A Philadelphia Inquirer report indicated that their compensation as members of The Hershey Co. board will be “at least” $240,000 per year.

Hershey Co. spokeswoman Jennifer Sniderman referred questions about the directors’ potential compensation to the company’s most recent proxy report.

A review of that document showed that the panel’s 10 non-employee members received between $240,000 and $285,000 in 2016.

Koken, of Lancaster County, served as Pennsylvania Insurance Commissioner from 1997 to 2007, first appointed by Gov. Tom Ridge.

Brown, of Chester County, was chief of staff for the late Gov. Robert P. Casey, and later for his son, current U.S. Sen. Bob Casey. He also has served in a number of state roles, including vice chairman of Gov. Tom Wolf’s transition team.

Their nominations come as the trust is implementing reforms agreed to last year in a deal with the Pennsylvania Attorney General’s office. Those reforms followed an AG’s office investigation into pay, tenure and the selection process for trust board members.

Candy magnate Milton Hershey, who founded the chocolate company that bears his name, established the trust more than a century ago. Its purview also includes the Milton Hershey School Trust, The M.S. Hershey Foundation Trust and the Hershey Cemetery Trust. 

The trust also is The Hershey Co.’s main stockholder.

Kent Jarrell, a spokesman for the trust, told the Business Journal that its joint board — the body which oversees all trust functions — voted in January to end dual compensation for board members who serve on both the trust and candy company boards.

That decision is “appropriate and consistent” with other changes the trust is “currently undergoing,” Jarrell added.

The trust sees overlapping board seats as an ongoing benefit, however. 

“Historically, as far back as Milton Hershey himself, there have always been overlapping directors of the joint board with the board of directors of the Hershey Co., consistent with the Hershey Trust’s status as controlling shareholder of the Hershey Co.,” Jarrell said. “This allows the joint board to exercise its fiduciary duty to the school trust.”

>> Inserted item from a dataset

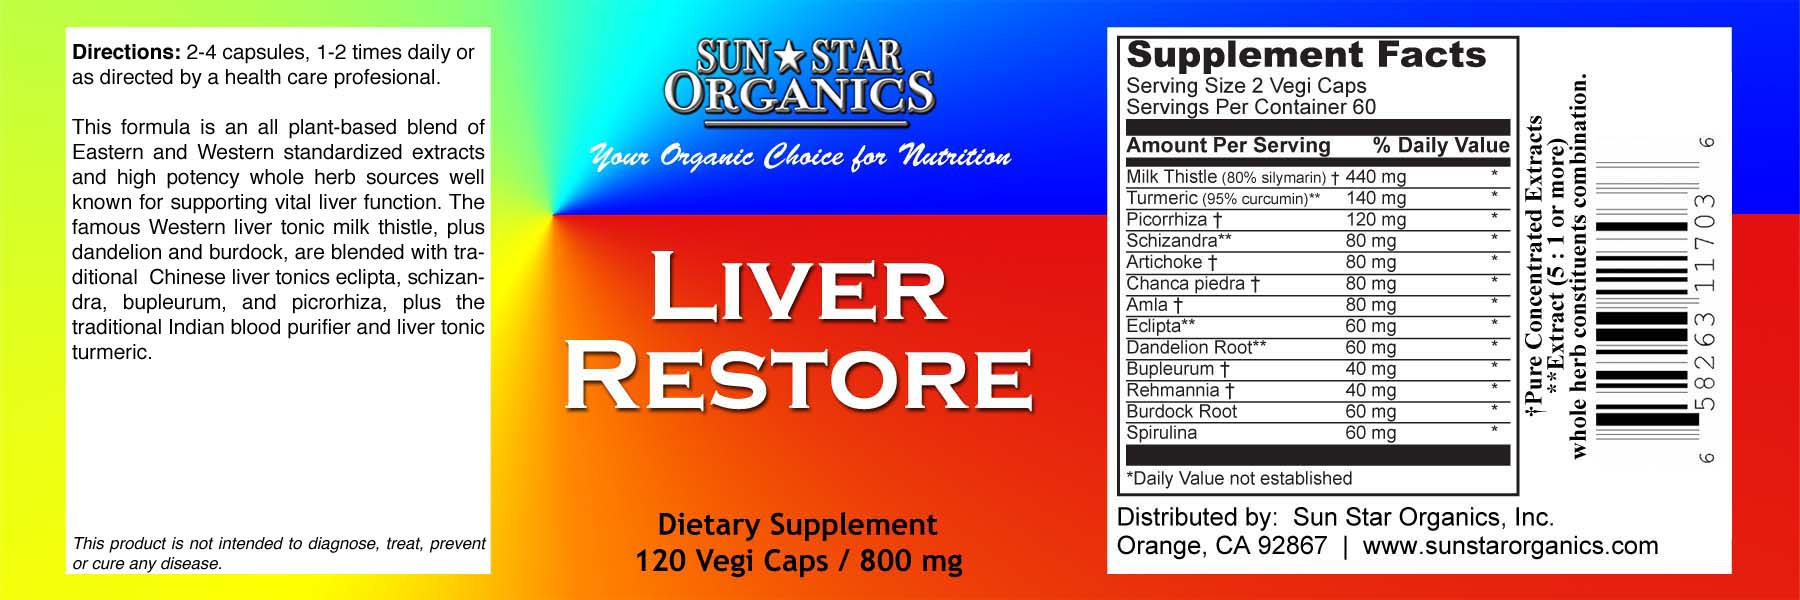 Liver Restore

The joint board “believes the two additional overlapping directors will be excellent members of the Hershey Co. board,” he added.

Under the terms of the deal with the AG’s office, the trust may continue to elect members to the Hershey Co. board, but no more than three may sit at a time, and neither the school’s president nor the trust’s CEO may serve with the chocolate company.

Koken and Brown’s appointments to the Hershey Co. board will be put to a shareholder vote at the company’s May 3 stockholders’ meeting.